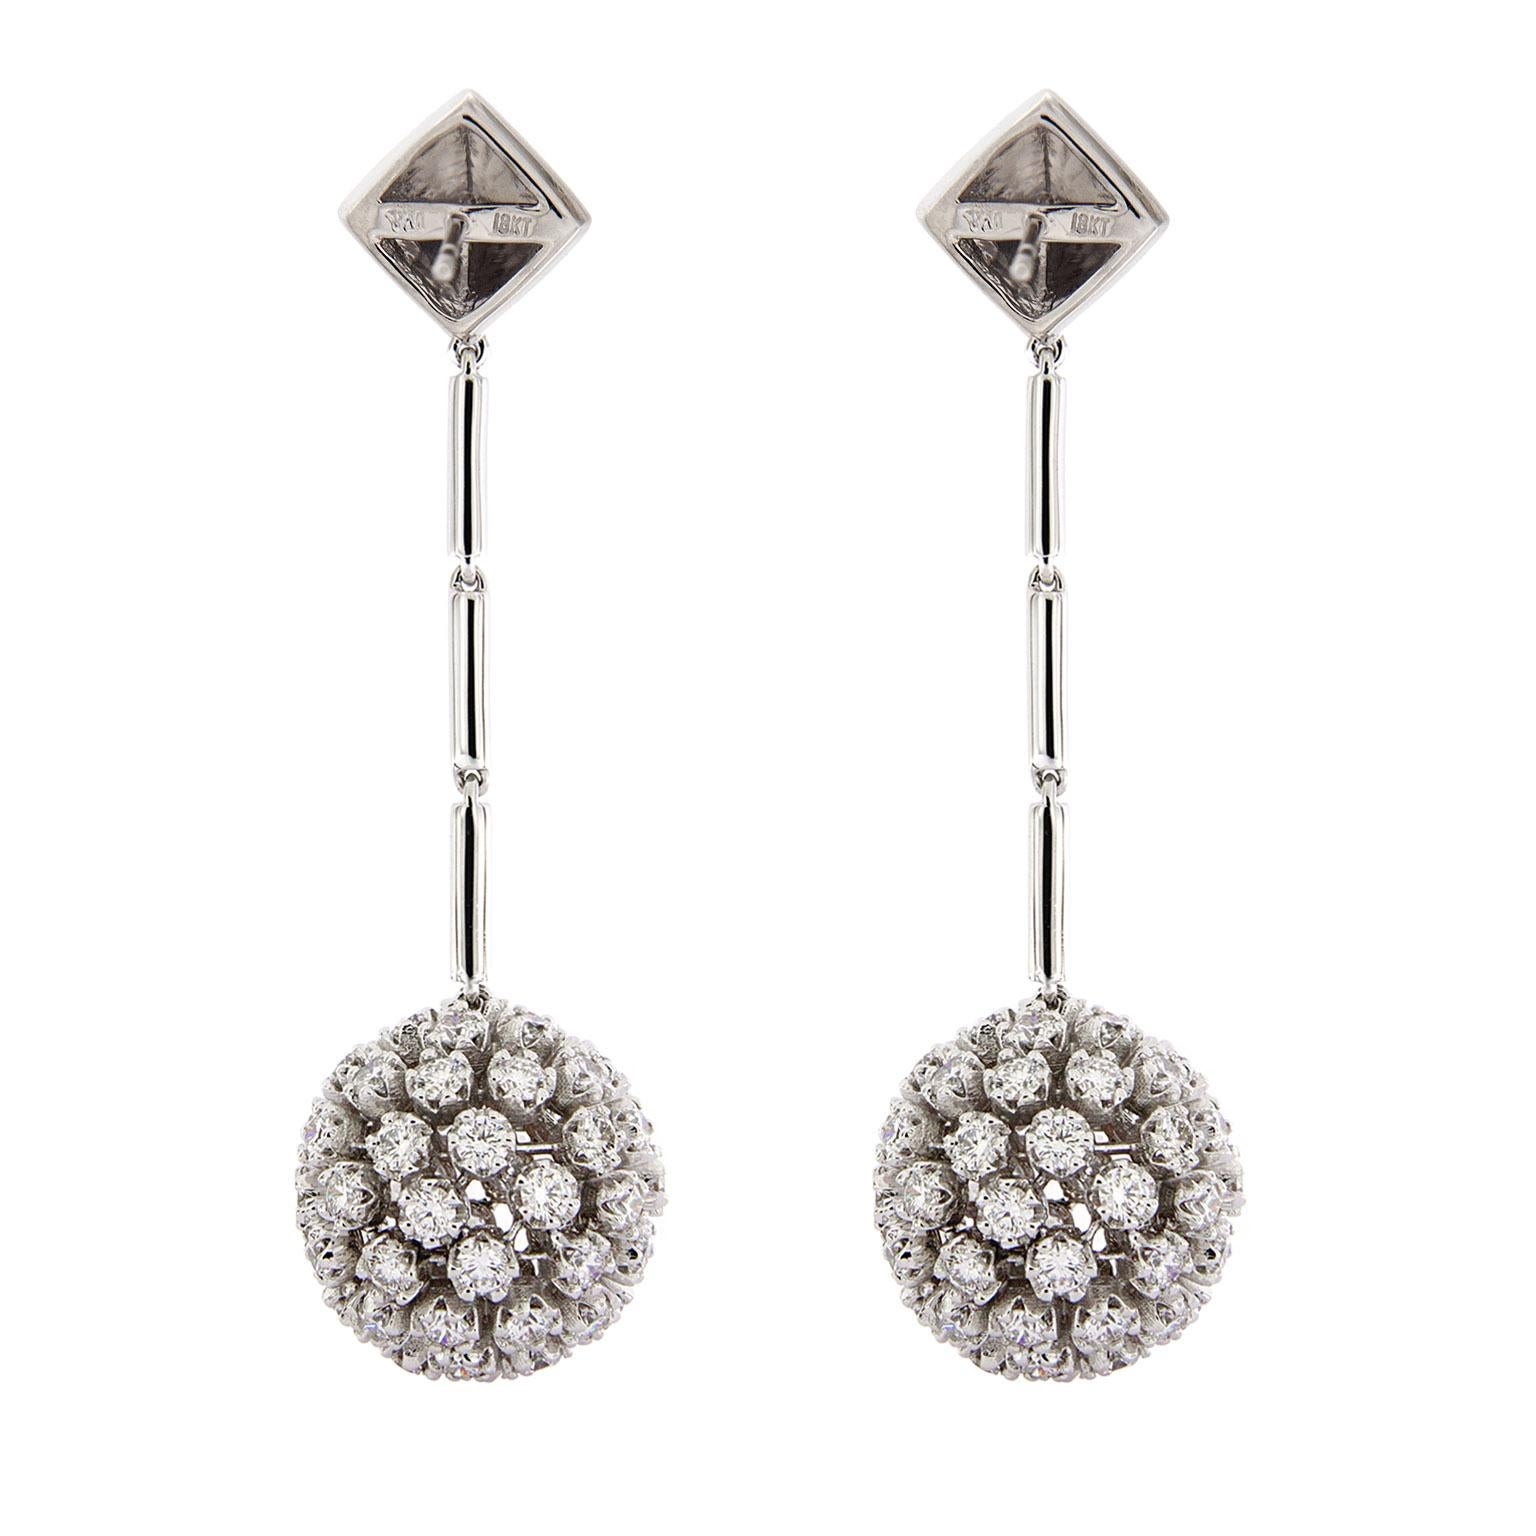 These earrings play with monochrome. Their base is 18kt white gold, with round brilliant cut diamonds for glitter. At the top are pyramids, at the bottom are diamond balls and gold links connect the two. There are 122 diamonds at 8.71 ctw. 
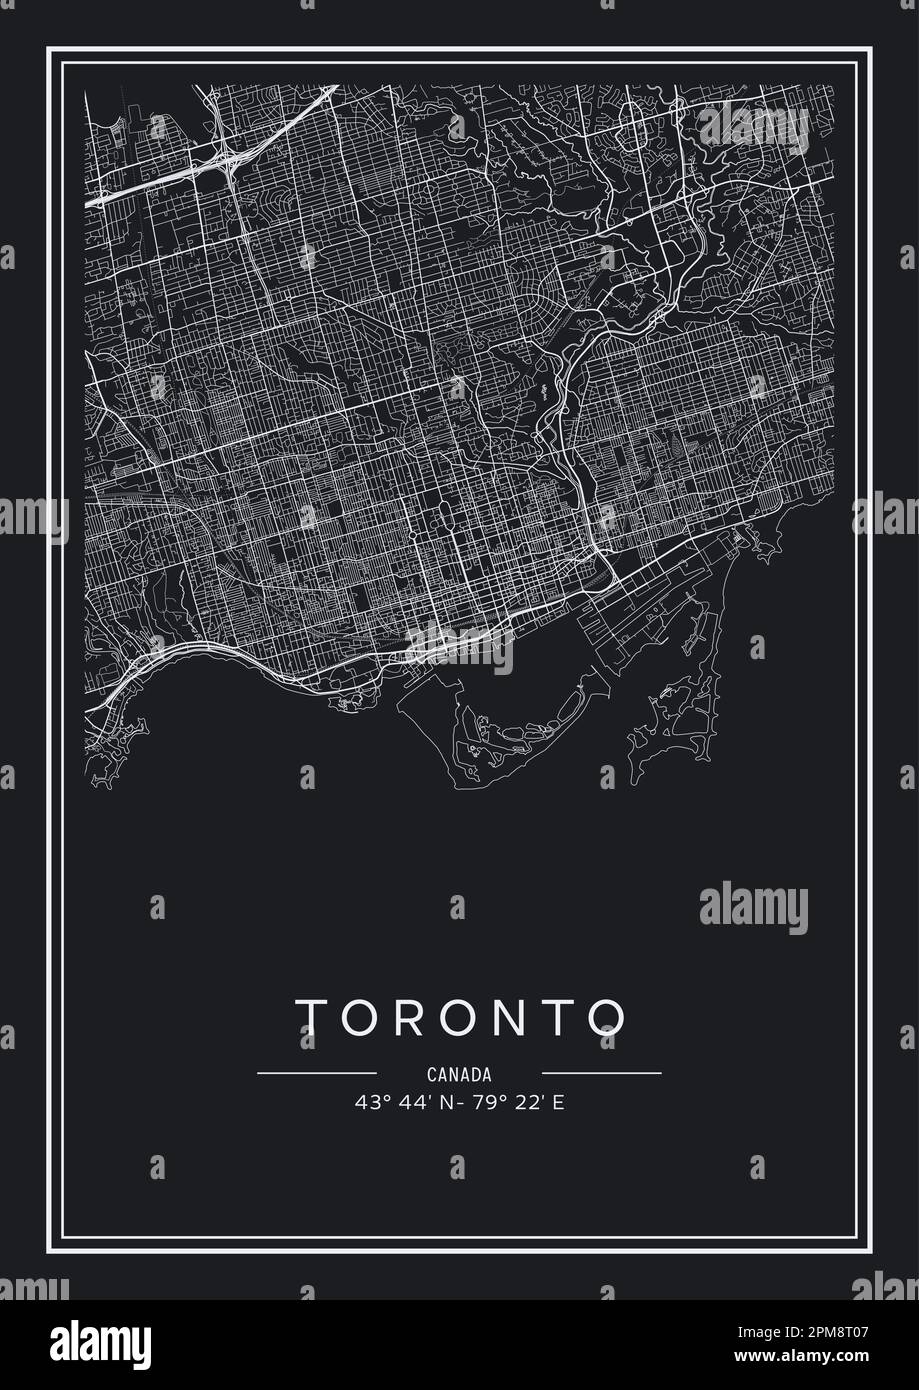 Black and white printable Toronto city map, poster design, vector illistration. Stock Vector
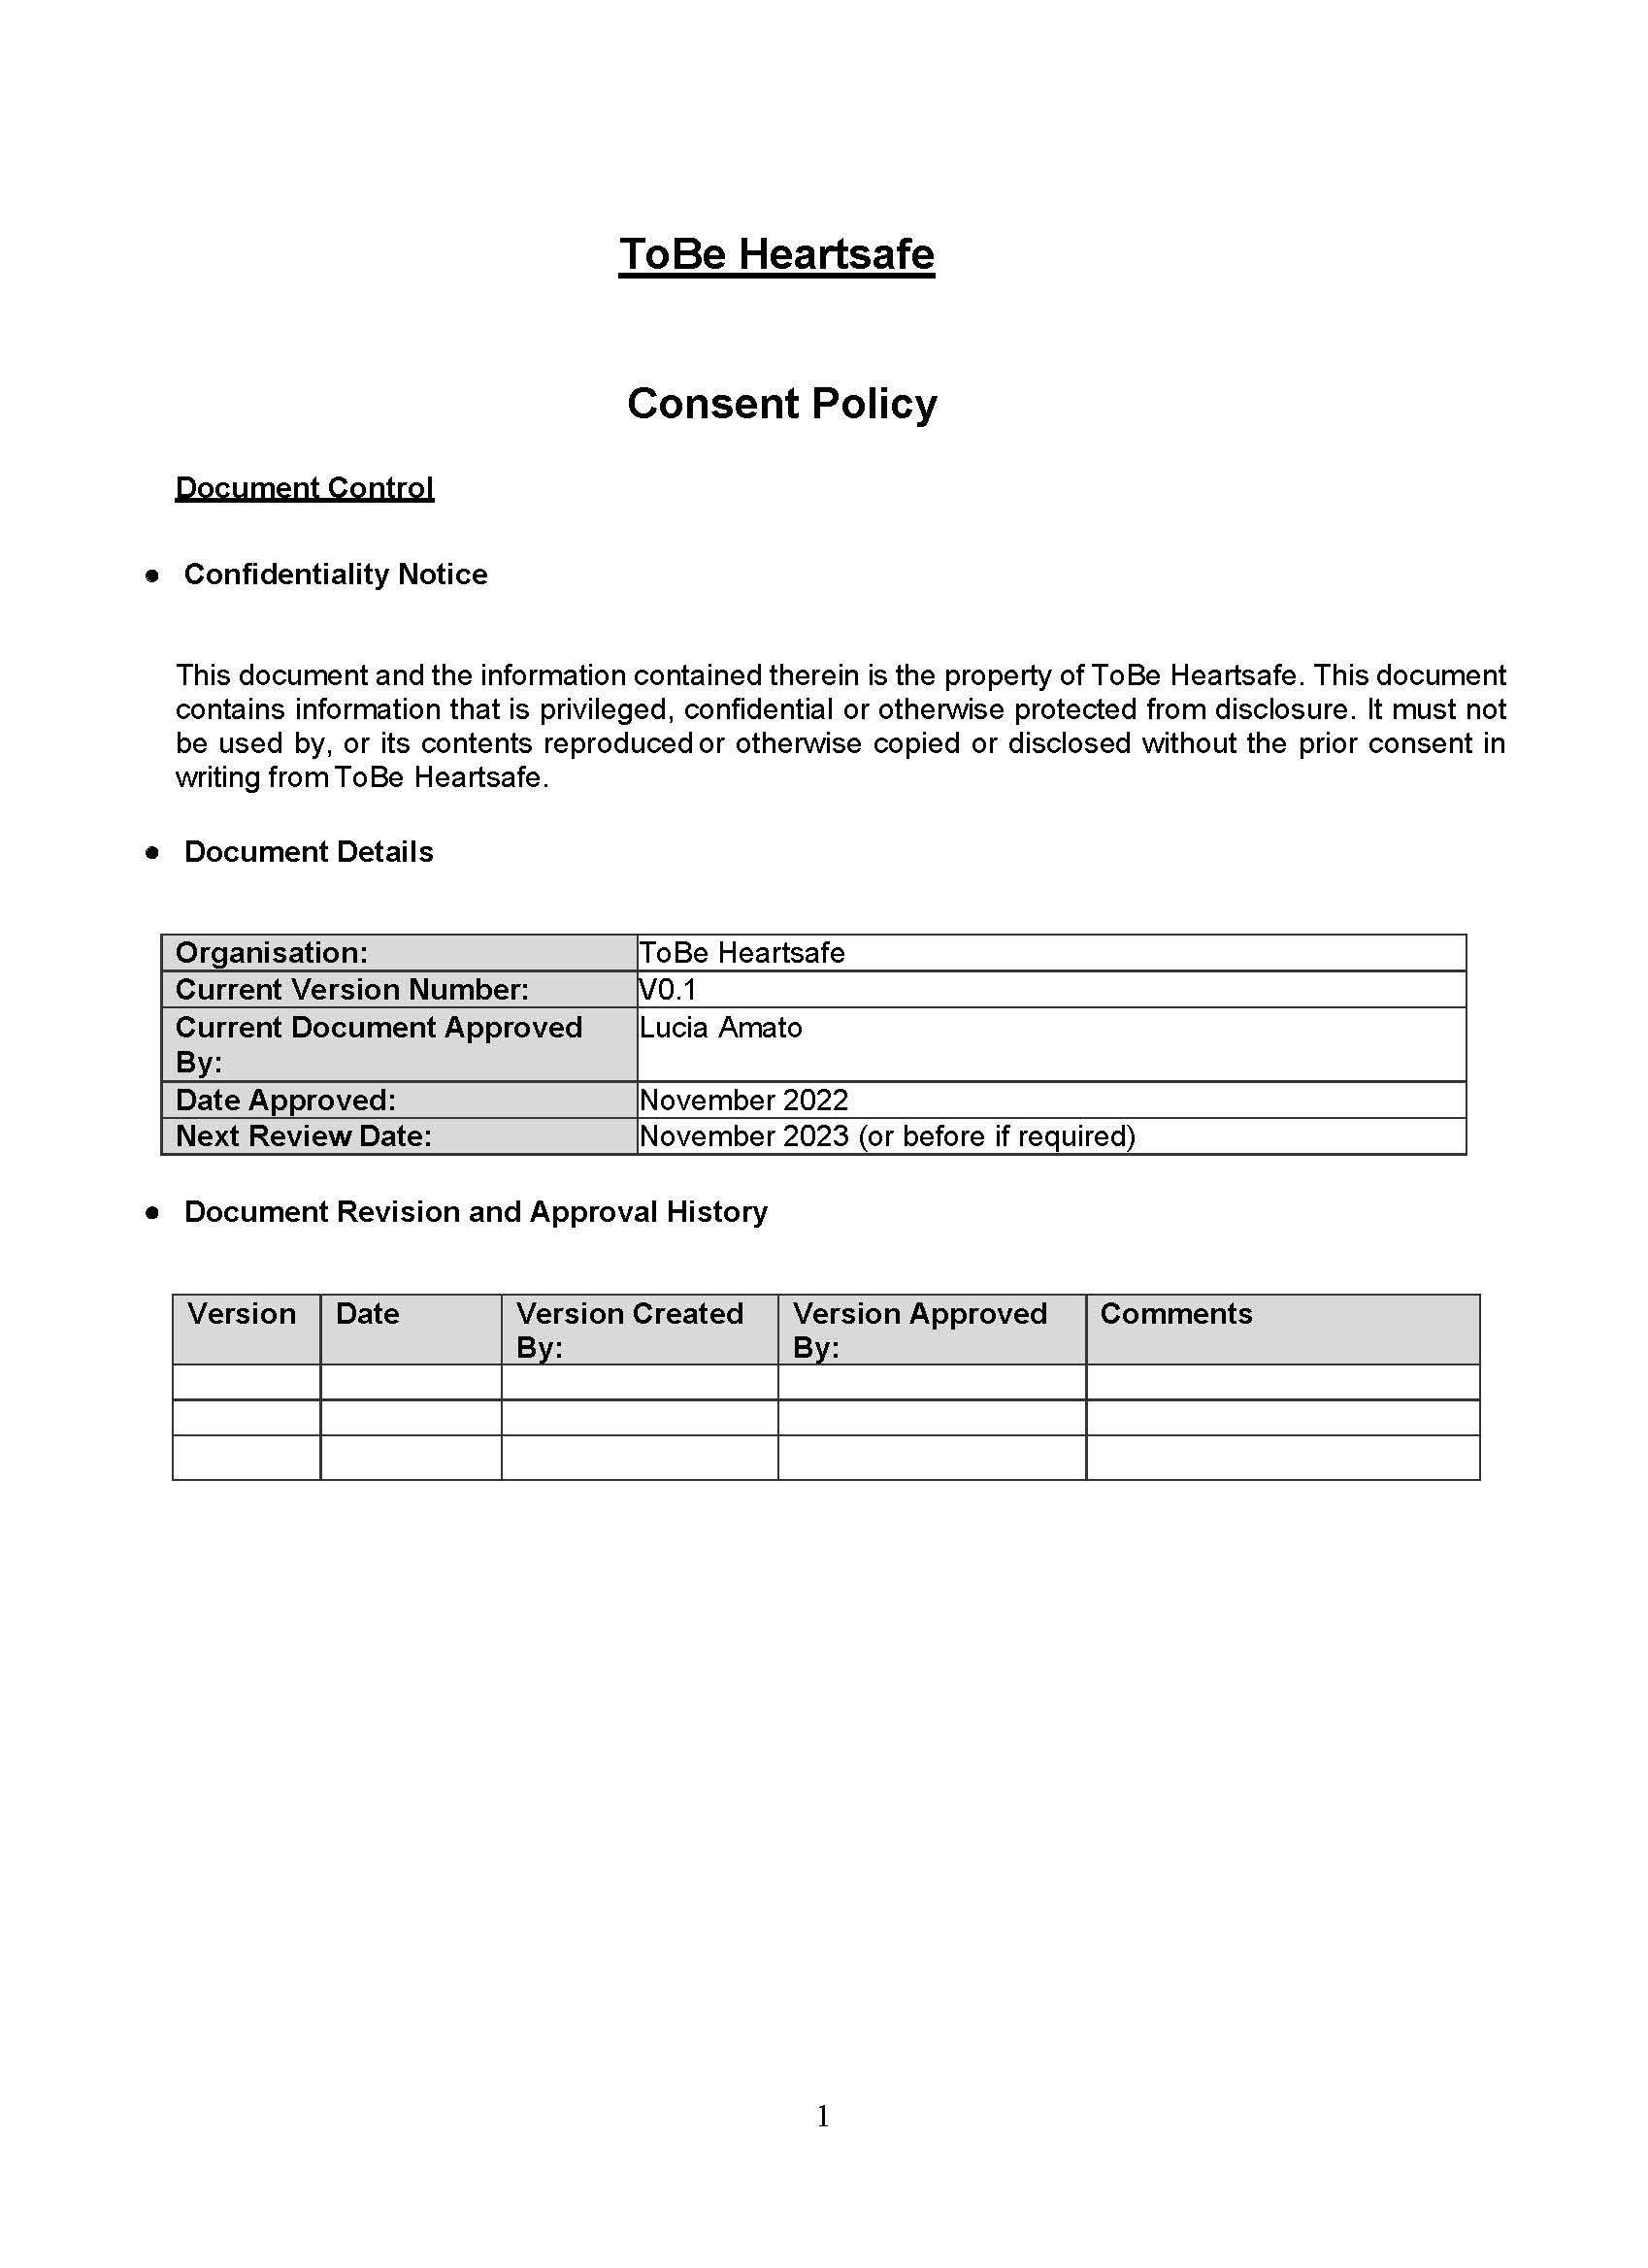 ToBe-Consent Policy V0.1[5041]_Page_1
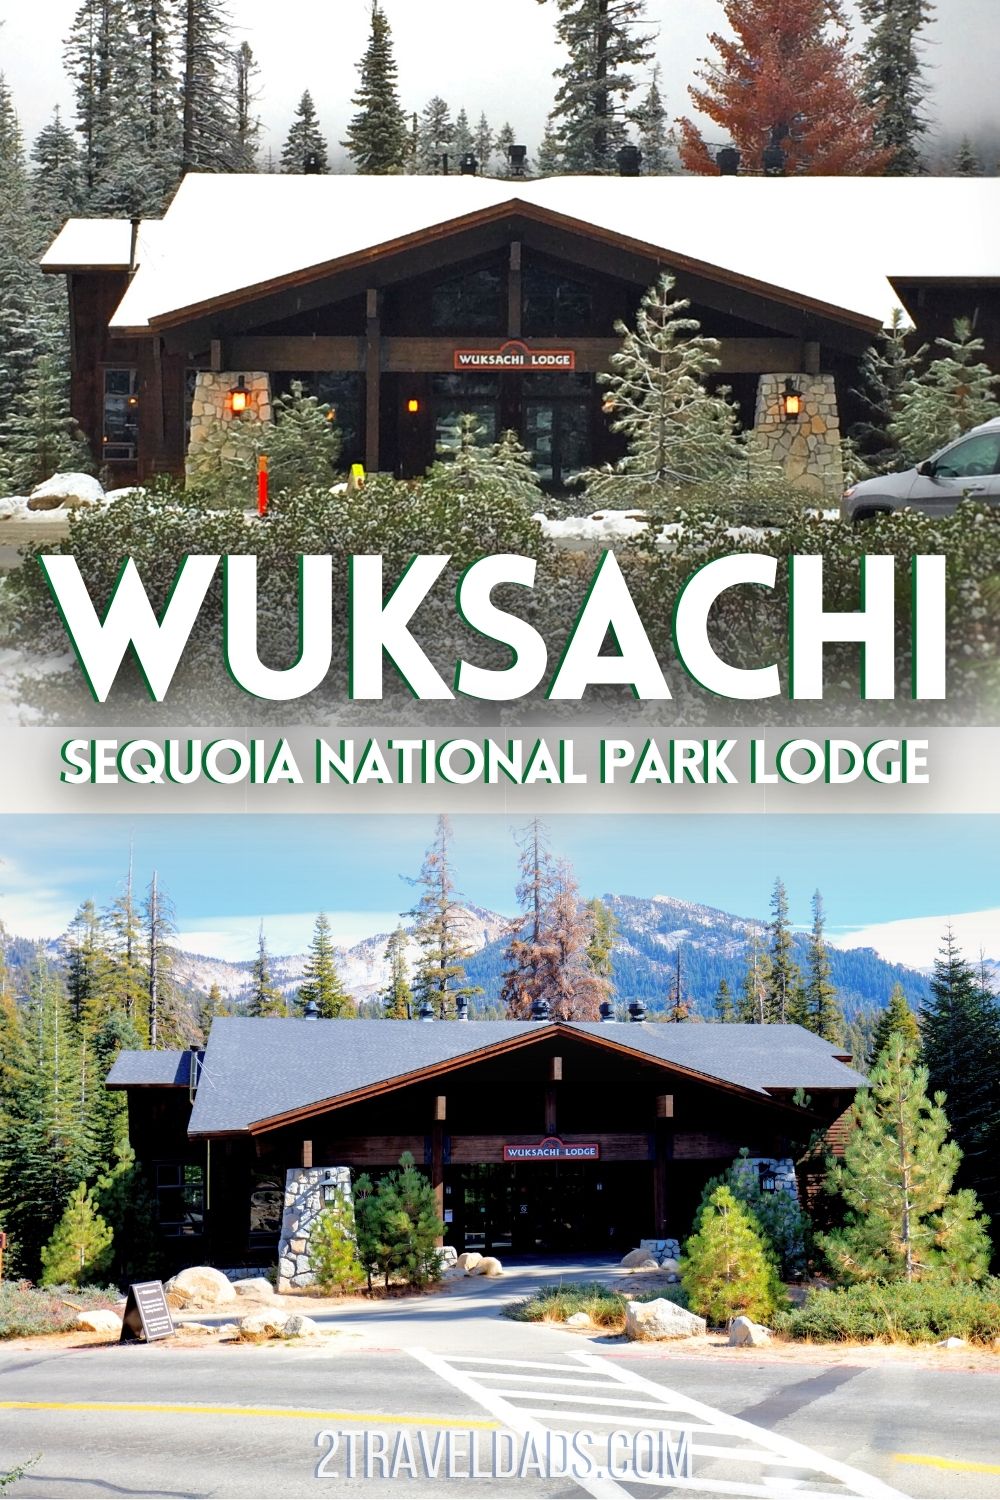 The Wuksachi Lodge in Sequoia National Park is set in a beautiful location and has (surprisingly) spacious rooms. Find out about staying at the Wuksachi, things to do in Sequoia National Park and planning a trip to the Sierras of California.

▬▬▬▬▬▬▬▬▬▬

Task details: Without any pictures, transcribe the listing above exactly as written.

Result:
 These earrings play with monochrome. Their base is 18kt white gold, with round brilliant cut diamonds for glitter. At the top are pyramids, at the bottom are diamond balls and gold links connect the two. There are 122 diamonds at 8.71 ctw. 
 Black and white printable Toronto city map, poster design, vector illistration. Stock Vector
 ToBe-Consent Policy V0.1[5041]_Page_1
 The Wuksachi Lodge in Sequoia National Park is set in a beautiful location and has (surprisingly) spacious rooms. Find out about staying at the Wuksachi, things to do in Sequoia National Park and planning a trip to the Sierras of California.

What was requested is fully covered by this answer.